J'ai vraiment été touchée.
Je remercie Isabelle d'avoir pris le temps qu'il fallait pour nous deux.
C'est vraiment une personne très professionnelle à qui nous pouvons poser un tas de questions en recevant toutes les réponses, très disponible.

Isabelle m'a aidé à régler un souci de relation avec Phœnix en donnant de nombreux conseils également. J'ai tout de suite vu qu'elle savait ce qu'elle disait et qu'elle comprenait vraiment tout.

C'était ma première expérience et je suis agréablement surprise de voir déja quelques changements, mais tellement énormes pour moi en ce qui concerne notre problème.

Un GRAND merci Isabelle Losa !"  Barbara

Barbara et Phoenix
Kelly, Vip et Djoy

"Je suis depuis longtemps intéressée par la façon dont l'humain communique avec son animal, et je suis depuis encore plus longtemps convaincue que nous pouvons communiquer avec nos animaux, autrement qu'avec notre voix ou notre gestuelle. C'est pourquoi quand l'opportunité s'est présentée à moi de réaliser une Communication Animale pour Vip, mon trotteur français de 5 ans, j'ai foncé.

 

Pour résumer notre histoire, je l'ai sauvé à l'âge de 3 ans d'un monde qui ne lui correspondait pas du tout, et qui lui a laissé énormément de séquelles physiques et morales. Il a été mon coup de cœur au premier regard. 
Une relation fusionnelle et remplie de bonheur était née.

Alegra et Anita

"Un mois avant cela je voyais des témoignages et vidéos démonstratives de "communications animale". Etant septique, je prenais ces individus soi-disant capables de dialoguer avec les animaux pour des charlatans !

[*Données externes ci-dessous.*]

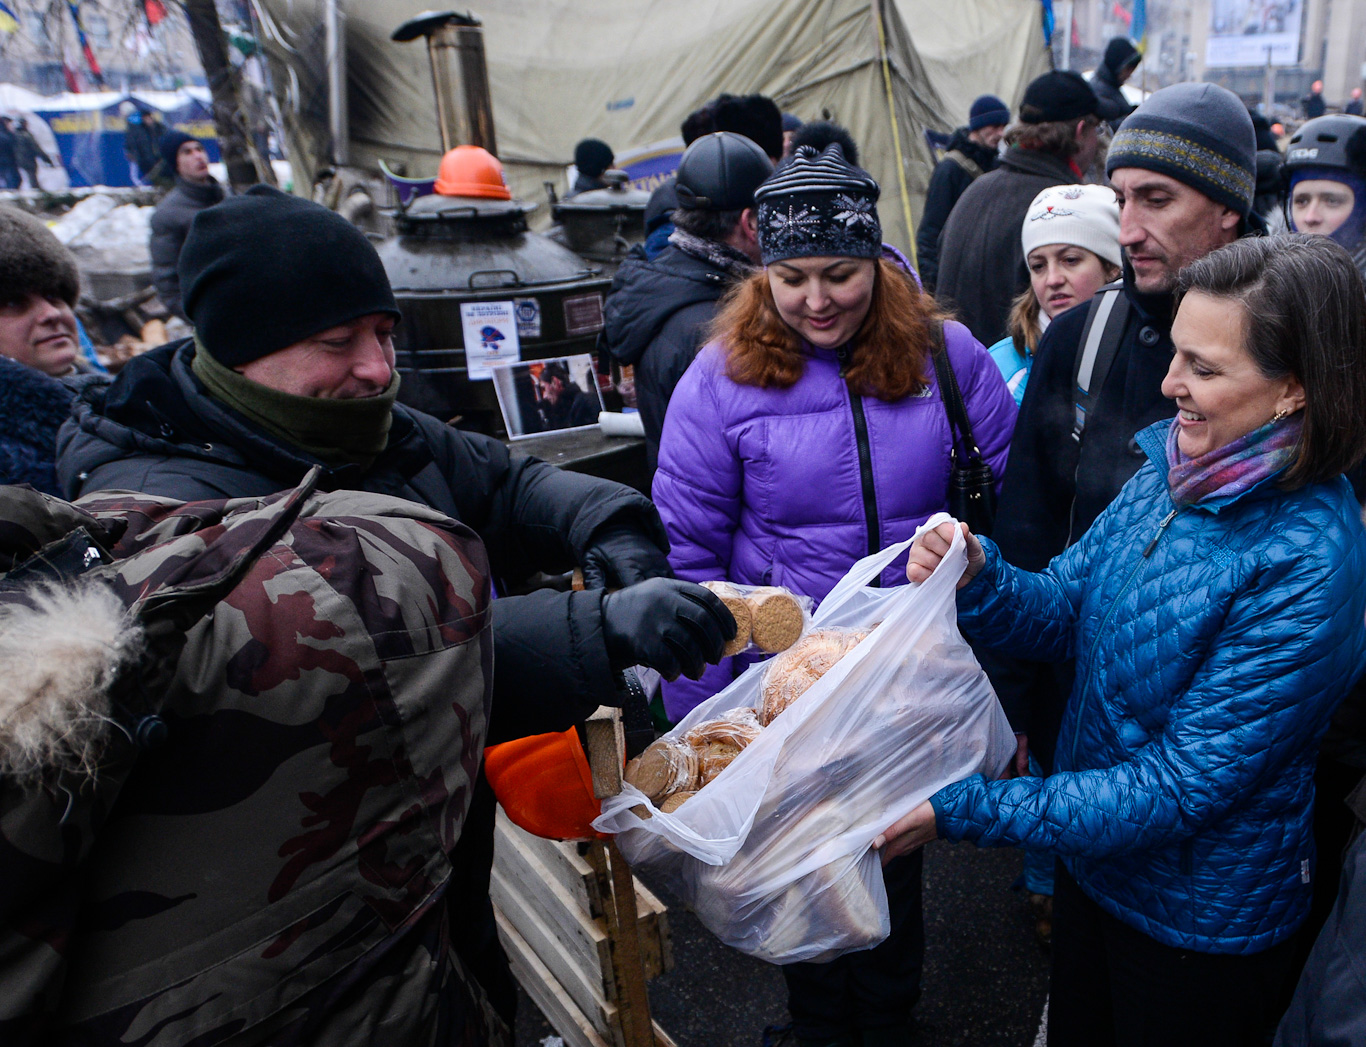 Victoria Nuland smiles as she holds an open bag of snacks for protestors. One person is taking a snack from the bag.

Puis, on a tous une petite part de curiosité ancrée en nous, ce qui m'a poussée à faire le test ! Je me suis documentée et j'ai essayé, je n'y arrivais pas ! J'ai fait un 2ème test avant de "lâcher l'affaire" définitivement. 

J'ai donc demandé à Isabelle Losa de communiquer avec ma jument d'après une photo !

J'ai reçu un message avec le détail de leur communication. 

J'étais tout simplement épatée et stupéfaite !

Isabelle, qui n'avait que deux informations sur ma jument, c'est-à-dire son nom et son âge, m'a tout divulgué en ce qui la concerne ! Ses douleurs physiques et émotionnelles .... avec des précisions !

​Tout de suite, j'ai pris contact avec un ostéopathe équin qui vient et qui lui débloque TOUT !

Sans cette CA je n'aurais jamais su que ma jument souffrais autant ! Elle a complètement changé depuis cette communication. Elle me respecte et elle ne me craint plus. Isabelle a aussi pratiqué des CA avec un de mes chiens avec qui le changement s'est fait ressentir ! 

Depuis, je m'exerce encore et encore et cela commence à porter ses fruits ! Mon esprit s'ouvre petit-à-petit.

MERCI à Isabelle pour cette super aventure. "  Alegra 

Camille et Phantom

" Cette expérience à laquelle je croyais vraiment peu m'a apporté finalement beaucoup.

Je suis plutôt du genre à ne croire que ce que je vois et je crois en la relation unique que je partage avec mon cheval, alors je me suis dis pourquoi pas essayer ?

Les résultats furent très surprenants car très proches de la réalité, Isabelle a su connaître les douleurs de mon cheval très précisément et ses attentes dans notre relation. Certaines choses dont elle n'avait pas connaissance pourtant au départ se sont avérées vraies et utiles pour le développement de notre relation.

Encore Merci."  Camille

Victoria et Ottawa

"Quand j’ai vu des propositions d’Isabelle Losa pour des communications animales, j’ai sauté sur l’occasion ! A vrai dire, je m’étais toujours demandé si c’était possible, surtout à distance, par photo ! Parce qu’en vrai, à côté du cheval, il m’arrive de ressentir des choses mais à distance, il faut être… doué ! J’ai donc envoyé un petit message présentant mon cheval, Ottawa, ONC de maintenant 13 ans et je demandais quel travail il pourrait aimer, et s’il se sentait bien dans sa pension actuelle.  Aucune autre précision, donc !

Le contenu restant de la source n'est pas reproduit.